Map過(guò)程需要繼承org.apache.hadoop.mapreduce包中的Mapper類(lèi),,并重寫(xiě)map方法


通過(guò)在map方法中添加兩句把key值和value值輸出到控制臺(tái)的代碼,可以發(fā)現(xiàn)map方法中的value值存儲(chǔ)的是文本文件中的一行(以回車(chē)符作為行結(jié)束標(biāo)記),,而key值為該行的首字符相對(duì)于文本文件的首地址的偏移量。然后StringTokenizer類(lèi)將每一行拆分成一個(gè)個(gè)的單詞,,并將<word,1>作為map方法的結(jié)果輸出,其余的工作都交由MapReduce框架處理,。

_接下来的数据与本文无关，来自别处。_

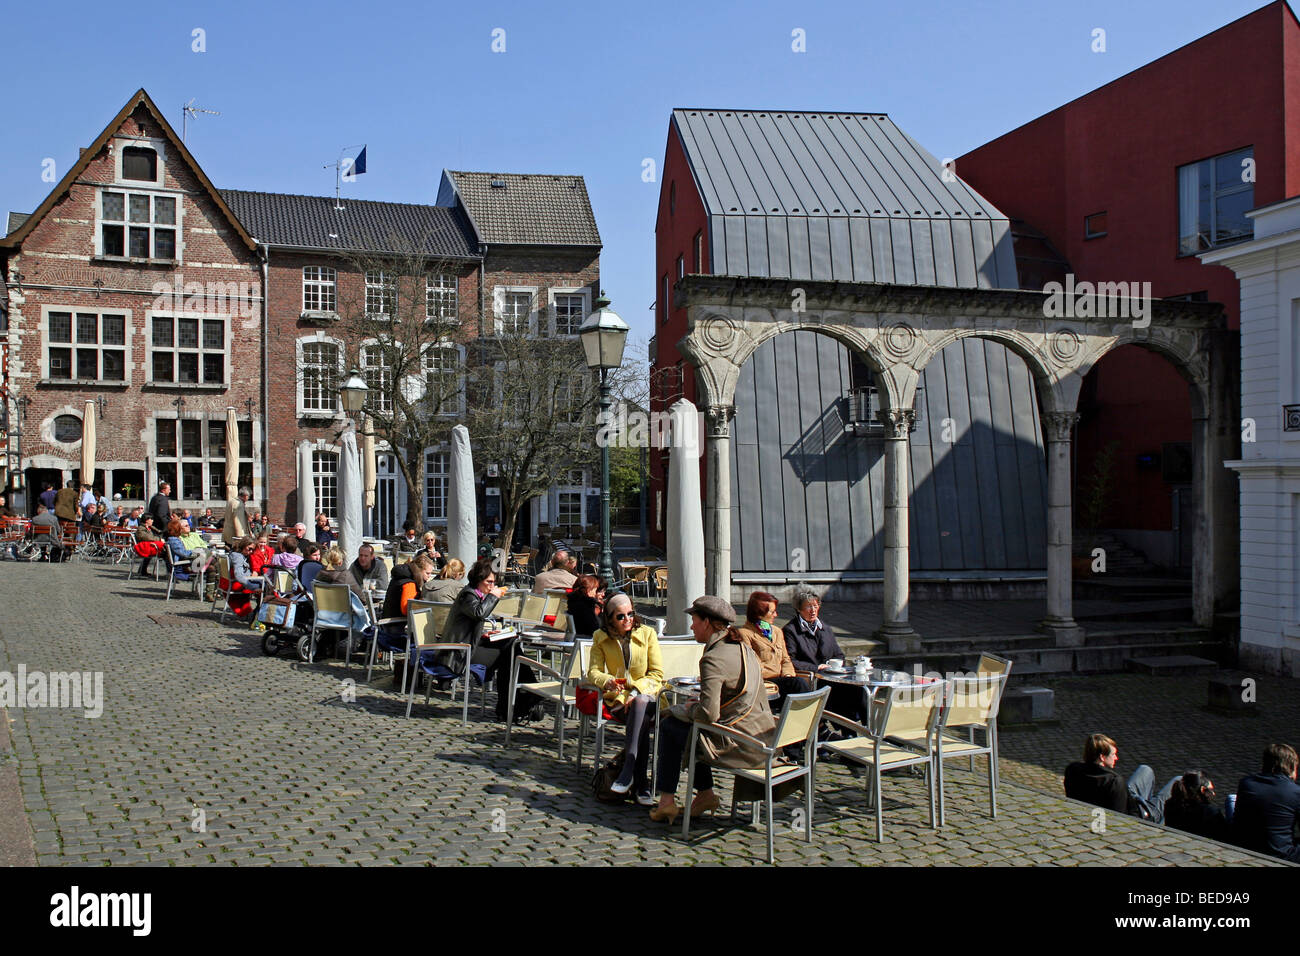 Historic building in the historic centre, Im Hof, Aachen, North Rhine-Westphalia, Germany, Europe Stock Photo

其中IntWritable和Text類(lèi)是Hadoop對(duì)int和string類(lèi)的封裝,這些類(lèi)能夠被串行化,,以方便在分布式環(huán)境中進(jìn)行數(shù)據(jù)交換,。


TokenizerMapper的實(shí)現(xiàn)代碼如下:


public static class TokenizerMapper extends Mapper<Object, Text, Text, IntWritable>{

    private final static IntWritable one = new IntWritable(1);

    private Text word = new Text();

       

    public void map(Object key, Text value, Context context) throws IOException, InterruptedException {

        System.out.println('key = ' key.toString());

//添加查看key值

        System.out.println('value = ' value.toString());

//添加查看value值

        StringTokenizer itr = new StringTokenizer(value.toString());

        while (itr.hasMoreTokens()) {

            word.set(itr.nextToken());

            context.write(word, one);

        }

    }

}


(2)Reduce過(guò)程


Reduce過(guò)程需要繼承org.apache.hadoop.mapreduce包中的Reducer類(lèi),,并重寫(xiě)reduce方法


reduce方法的輸入?yún)?shù)key為單個(gè)單詞,,而values是由各Mapper上對(duì)應(yīng)單詞的計(jì)數(shù)值所組成的列表,,所以只要遍歷values并求和,,即可得到某個(gè)單詞的出現(xiàn)總次數(shù)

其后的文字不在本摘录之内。